As of my visit on March 7, Will’s been out of rehab for almost a week. He’s regained use of his voice, limited use of some limbs, and is demonstrating remarkable cognitive improvements after spending time at Scripps Mercy and Vibra hospitals (both in Hillcrest); Scripps Encinitas; and with brain-injury specialists Learning Services, in Escondido.
Shortly after he came to, Will learned of the killing spree carried out by Philip Martin Hernandez, a 40-year-old former Cal Fire firefighter, and his 18-year-old wife, Cindy Altamirano Garcia.
The couple, whose manipulative relationship reportedly began at a National City park when Garcia was 16, had been watching him as he walked home through the park that October night.
The official version of the story has it that Hernandez mistook Will for the police officer who had arrested him in Blythe last May, after Garcia — a sex-trafficking victim who was held captive in Guadalajara prior to meeting Hernandez — reported his possessive behavior and told authorities she wanted to get away.
“I think it’s interesting that he thought I was a cop, because I’m very uncharacteristic of a cop,” Will says.
“Yeah, you look like a skater kid,” says Will Senior, an affable buddy-dad who, in his free time, surfs and paints stencil-style portraits of jazz legends.
Will notes that he’d been wearing a double-XL shirt, baggy pants, and sneakers — hardly typical garb for off-duty law enforcement.

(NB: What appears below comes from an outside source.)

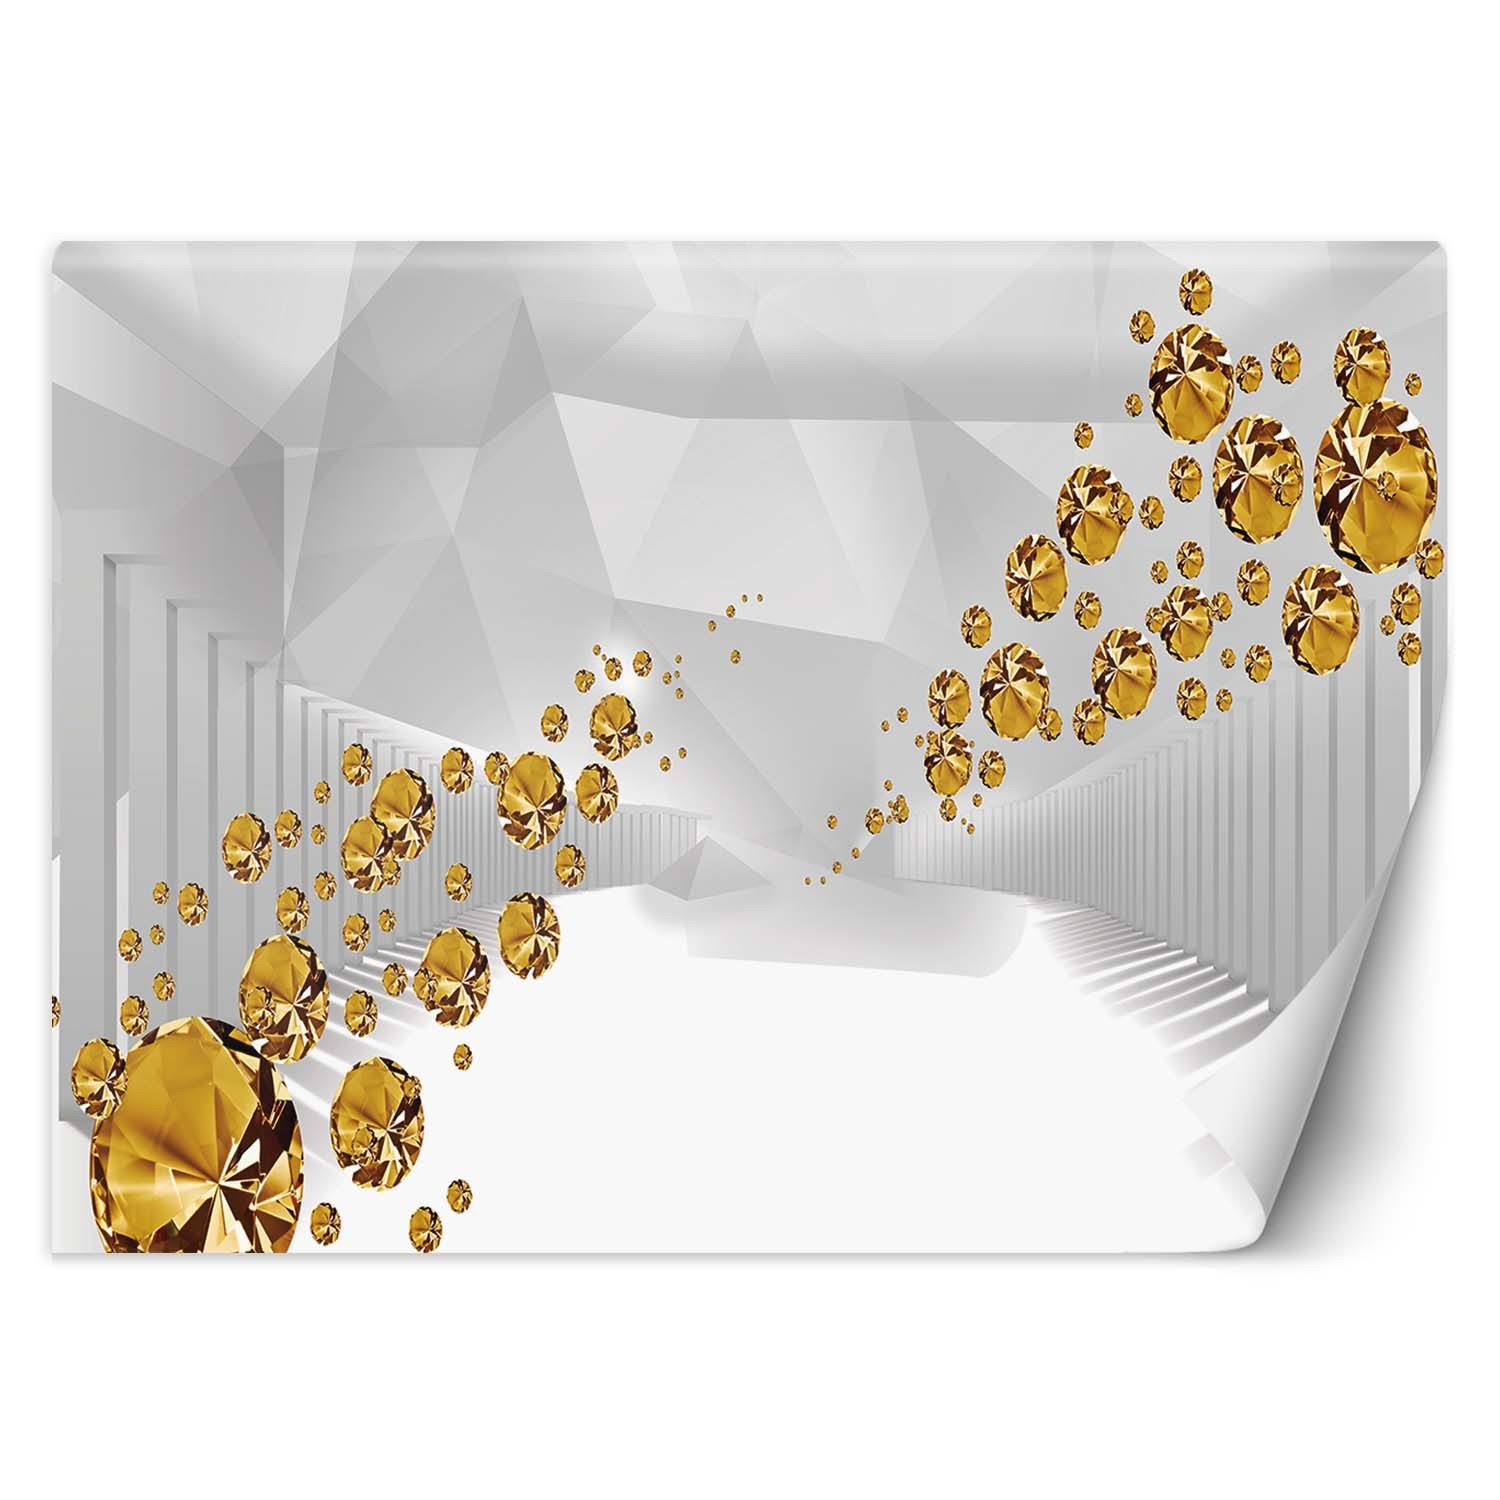 Trend24 – Behang – Gouden Stenen In Een Abstracte Tunnel – Vliesbehang – Fotobehang 3D – Behang Woonkamer – 450x315x2 cm – Incl. behanglijm

More likely is the account that homicide detectives related to Will Senior, in which the couple had been arguing in their car when Will happened down the street.
“So, maybe she said, to distract him, ‘Oh, hey, there’s that cop,’” Will Senior says. “There have been thoughts about that. That’s what she told the investigators. And who knows if what she’s saying is the truth or not? She’s trying to get out of a life sentence for being an accessory to the attempted murder of a police officer, the attempted murder of Will, arson, and grand theft auto.”
The rampage started when Hernandez set out to kill an officer who’d arrested him on a sex-abuse warrant ten days prior to his attack on Will. Hernandez was facing four felony counts of having sex with a minor, after Garcia reported him to police. Prior to the crime spree, he cashed out his $40,000 retirement fund, took Garcia to Lake Tahoe to get married, and, according to Garcia, strapped her into a bulletproof vest, saying, “We’re going to war.”
Hernandez allegedly shot or pistol-whipped and then robbed an off-duty San Diego police officer at an Escondido ATM only hours before the shooting in Hillcrest. The officer sustained a non-life-threatening head wound.
The couple then reportedly carjacked a man at the College Grove Shopping Center, robbed multiple pedestrians, burned three getaway vehicles, and bought a white Craigslisted cargo van in Spring Valley.
Police raided Hernandez’s mother’s Escondido apartment on October 30, and officers countywide were provided with descriptions of the couple and the van.
Around 9:30 p.m. on October 31, the van was sighted outside downtown police headquarters but sped off before the couple was apprehended.
An hour and a half later, an officer spotted the van in Barrio Logan, where it began driving erratically before pulling over on Harbor Drive near Cesar Chavez Parkway.
Hernandez leapt from the van wearing a protective police vest, and fired what appeared to be a high-powered rifle on three officers. They returned fire, killing Hernandez.